Senators in Brazil have approved a plan to impose to a 15 per cent tax on online gambling deposits, further weakening the regulated market.
The approval of the 15 per cent deposit tax is seen as a major win for the thousands of unlicensed gambling websites that serve players in Brazil without a local license, prompting an outcry from the country’s licensed operators.
Brazil’s National Association of Games and Lotteries (ANJL) described the new tax, which is part of Brazil’s Legal Framework to Combat Organised Crime, as a serious contradiction.
“By overtaxing the regulated market, it creates direct incentives for the migration of users to illegal platforms, many of them operated by criminal organisations with transnational operations. In practice, the effect tends to be the opposite of the stated objective of the proposal,” said the ANJL.
“By weakening legal operators, who comply with strict requirements of compliance, prevention of money laundering, consumer protection and cooperation with authorities, the State reduces formal collection, weakens inspection and expands the economic space of the clandestine market, which does not pay taxes or follow rules.”
The proposed tax comes less than a year after the launch of Brazil’s regulated market and remains subject to approval by the Chamber of Deputies.
Brazilian online gaming industry association IBJR commented: “Under the pretext of financing public security, the text makes a historic mistake: it hands over to clandestine platforms — many financed by criminal factions — the greatest competitive advantage the market has ever seen.
“By taxing the bettor’s deposit at 15 per cent, the State decrees that R$100 is worth only R$85 in companies that follow the law. In the clandestine market, the same R$100 is worth its full value. It is a direct incentive to migrate underground.”
The IBJR cited figures which suggest that 51 per cent of gambling platforms in Brazil operate illegally, transacting R$78 billion annually.
The association also questioned the arithmetic behind the proposed tax.

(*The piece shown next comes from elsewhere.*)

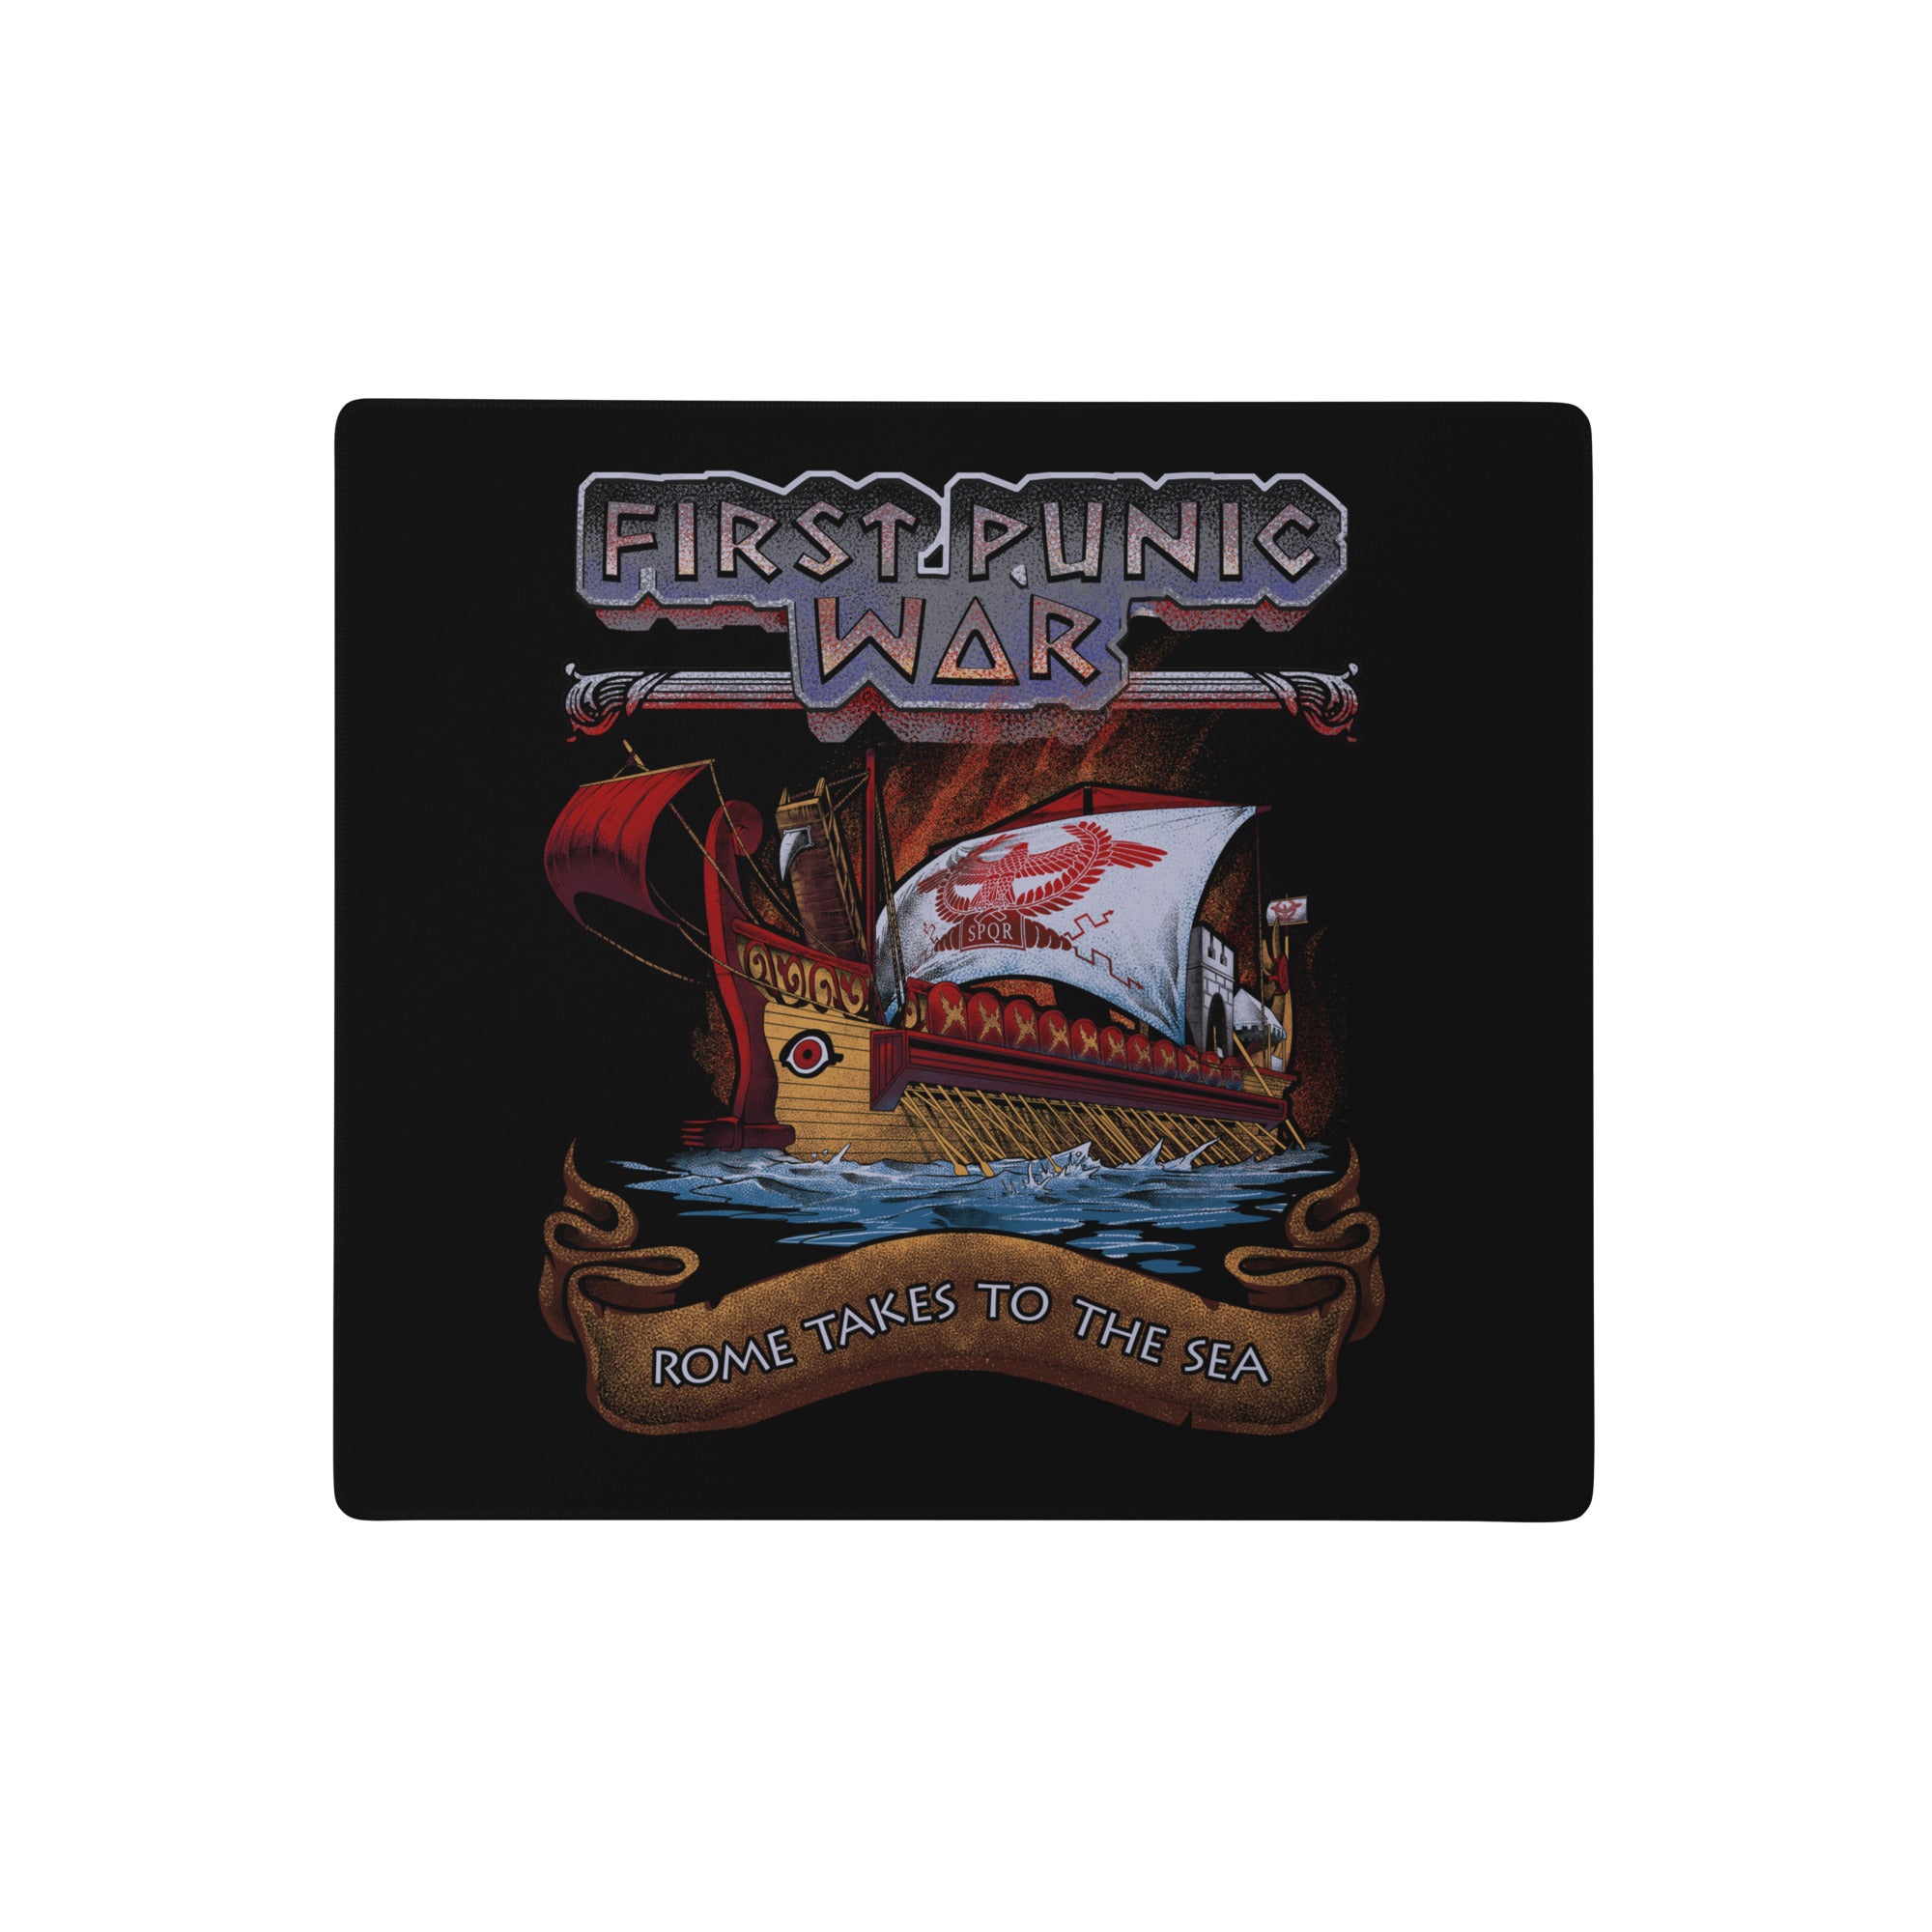 First Punic War - Rome Takes To The Sea - Naval History Gaming Mouse Pad
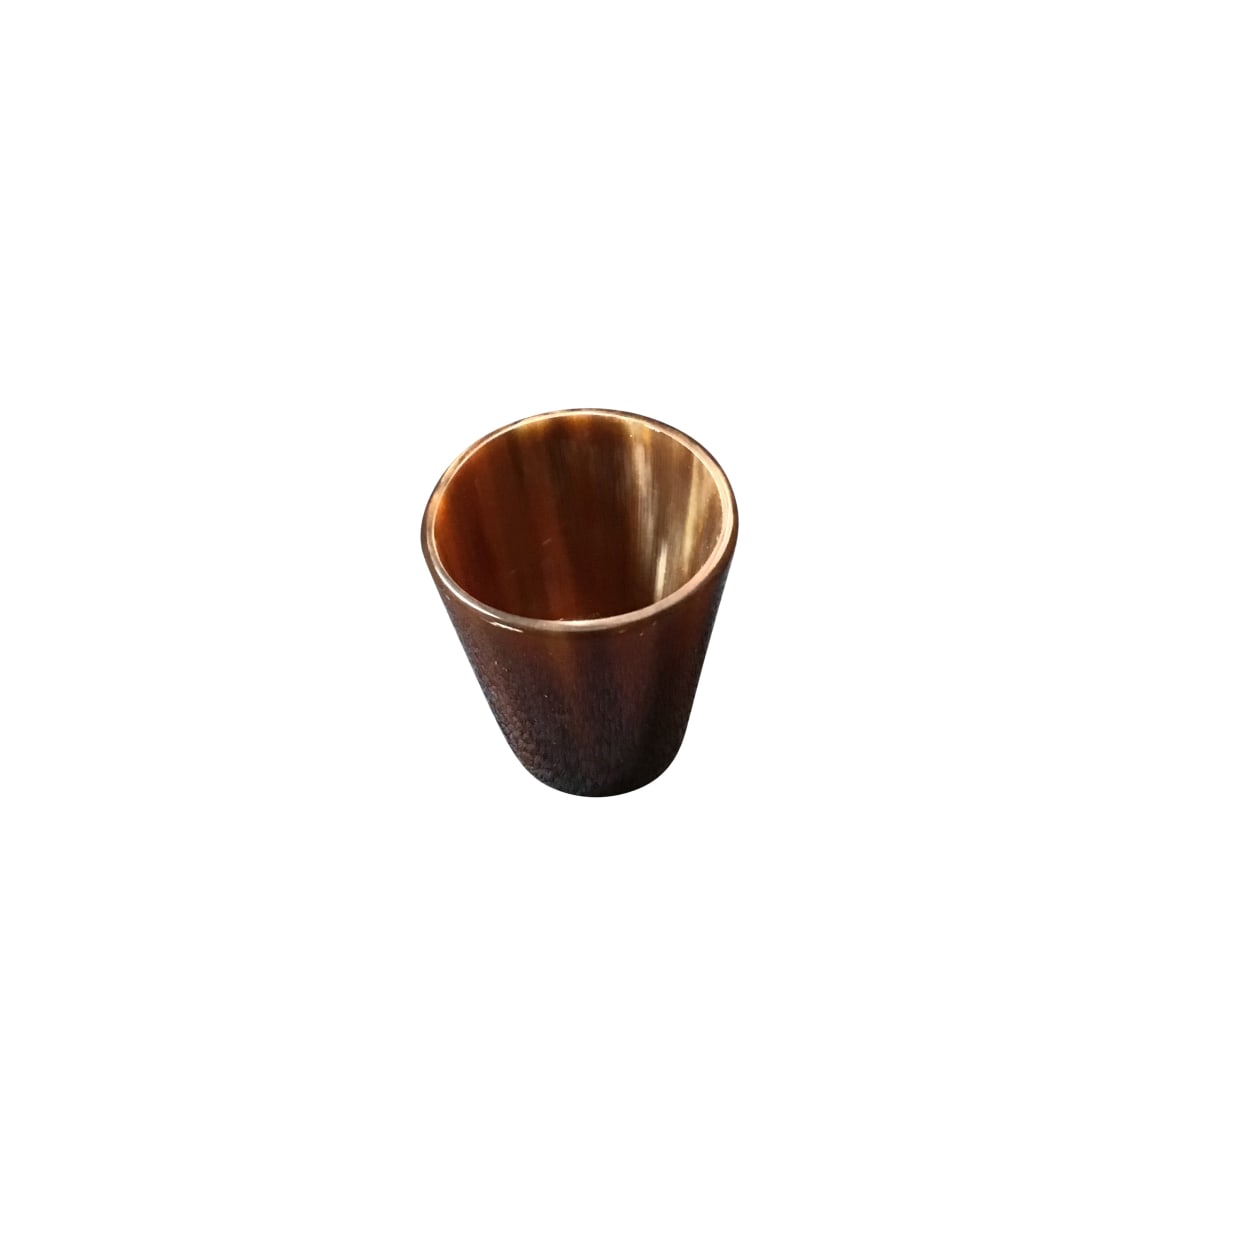 Horn Cups / Tumblers - Size: 4"

“The measure is based on a non-existent financial premise,” said the IBJR. “There is talk of raising R$30 billion annually from a regulated market that today earns about R$36 billion. It is therefore projected to charge in taxes almost the equivalent of the entire revenue of the regulated sector, which is mathematically impossible and makes formal economic activity unfeasible.”
Brazil’s nascent regulated gambling market faces further jeopardy from a proposal to apply a retroactive tax on licensed online gambling operators, covering the five years prior to market regulation.
The complete disarray in the Brazilian gambling market during its first year of regulation has left many licensed operators questioning their investment.